The first step of this challenge is to use a tool like stegseek to extract some data hidden in the image with steghide. (Stegseek is used instead of a tool like stegcrack as it can get though the entire rockyou.txt word list in under 2 seconds)
This gives us our password as laboratory and also extracts the data hidden in the image
From here you have to work out what to do with hex value, the hints for this are again in the the description, name and image themselves:
- The image being of Bell Labs
- The reference to “1940s code” in the challenge description
- And a reference to the name “Gray” in the challenge name
If you do some googling of “Bell Labs gray” and “Bell labs gray code” it brings you to something called Gray Code a form of binary invented by Frank Gray at Bell Labs in the 1940s
The steps now to get the flag are relatively simple:
- Convert the hex value to binary
- Convert the binary Gray Code into regular binary
- Convert the normal binary back to ASCII
Converting the hex value to binary is easily done in python:
This Gray Code binary can then be converted into normal binary either by hand, or by using an online converter (https://miniwebtool.com/gray-code-to-binary-converter/)
This gives us the binary:
1001001011011100111010001100001011010110110010101111011010001110111001000110100011110010110001100110000010001000011001101111101
We can then use python and convert this into ASCII to get out flag
And we have our flag!
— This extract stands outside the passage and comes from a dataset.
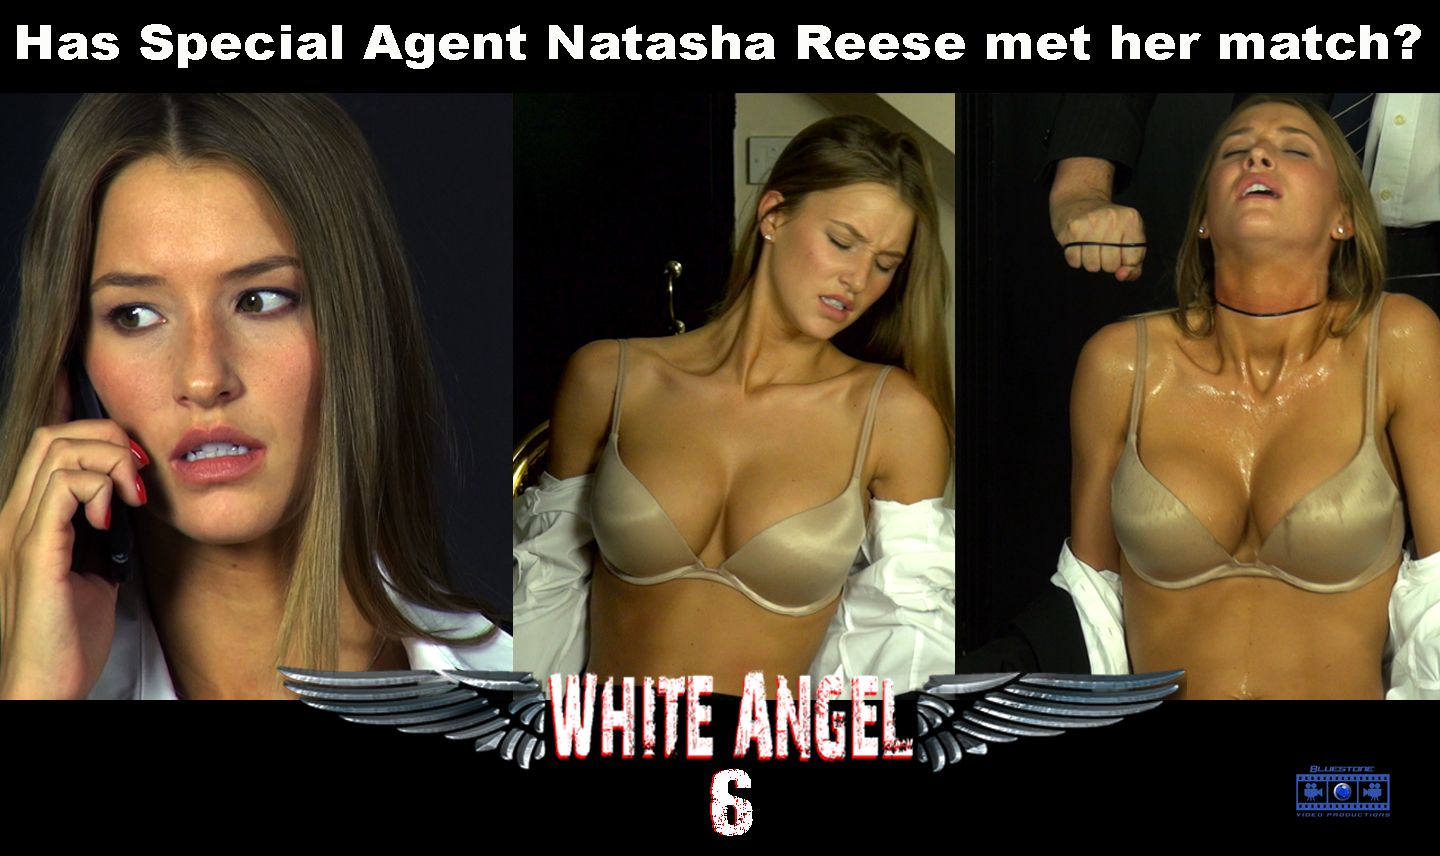 White Angel 6 poster.jpg

Intake{********}
Crypto: Restaurant Bins
Similar to the previous challenge Restaurant Bins also requires some forensics skills
We are provided with a PDF of a restaurant menu that looks rather odd.
As this is a crypto challenge, and the food categories start with E, N and C we can deduce this must be an RSA public key and Ciphertext
n = 1754855759650743767503869076814946449161221988945131762860850650934071108812482091782335001129797246345434549300597877301537145147325064468164785608175471379078968621441495156606772561461558509057879621876000373425091440007085588096579926802504858667285971828686528584199545107883466940764934199625261666665931884490733946038296846835443564303448738988078440512324191145082259733656235195132033169599025641699987520612234682411135316700820536802549613720808179788357685065979943842888484188346443471888743404566343222752805220195244981753245299112164244421310576792854307658971133327513611085767555468854066669498201
e = 65537
c = 976472116213844252006772134451713181631658844547136414857329203034680040811599685629763238060874017281918117213658307964298764499851693935835870053757460768067434212982393979507963370800798231014610650752771397467193768527313830310350459257436027573793215274884137753800025807811477984329498355254577494198073252872348439004352751462707204032492187194589319158054395909577521778438872389524201676332819649475050365447352778997068837222713501344553240199665763776974649426720151026726841857051591916784572653732604439089885366234361986676896880965141300956303447027787037449232561528986650866859218077531435548086587
To break RSA ideally we need to be able to facotrise N, this allows us to find P and Q then derive the private key and decrypt the message. The derevation of the private key is shown below
$$p = largeprime, q = largeprime$$
$$n = p * q$$
$$\phi(n) = (p-1)(q-1)$$
d is to be the modular multiplicative inverse of e modulo ϕ(n) such that:
$$d * e \equiv 1 \mod \phi(n)$$
$$d = e^{-1} \mod \phi(n)$$
So we need to be able to factorise n to be able to find d. If we try to factorise n using a website such as http://factordb.com/ we’ll find that its unable to factorise n. Instead we can use something called Fermats Factorisation Method. This is detailed very well in the computerphile video Breaking RSA and in Hanno Böck’s Blog. This takes advantage that p and q may be poorly generated and be very close to eachother (with only around the least sigificant 500 bits different).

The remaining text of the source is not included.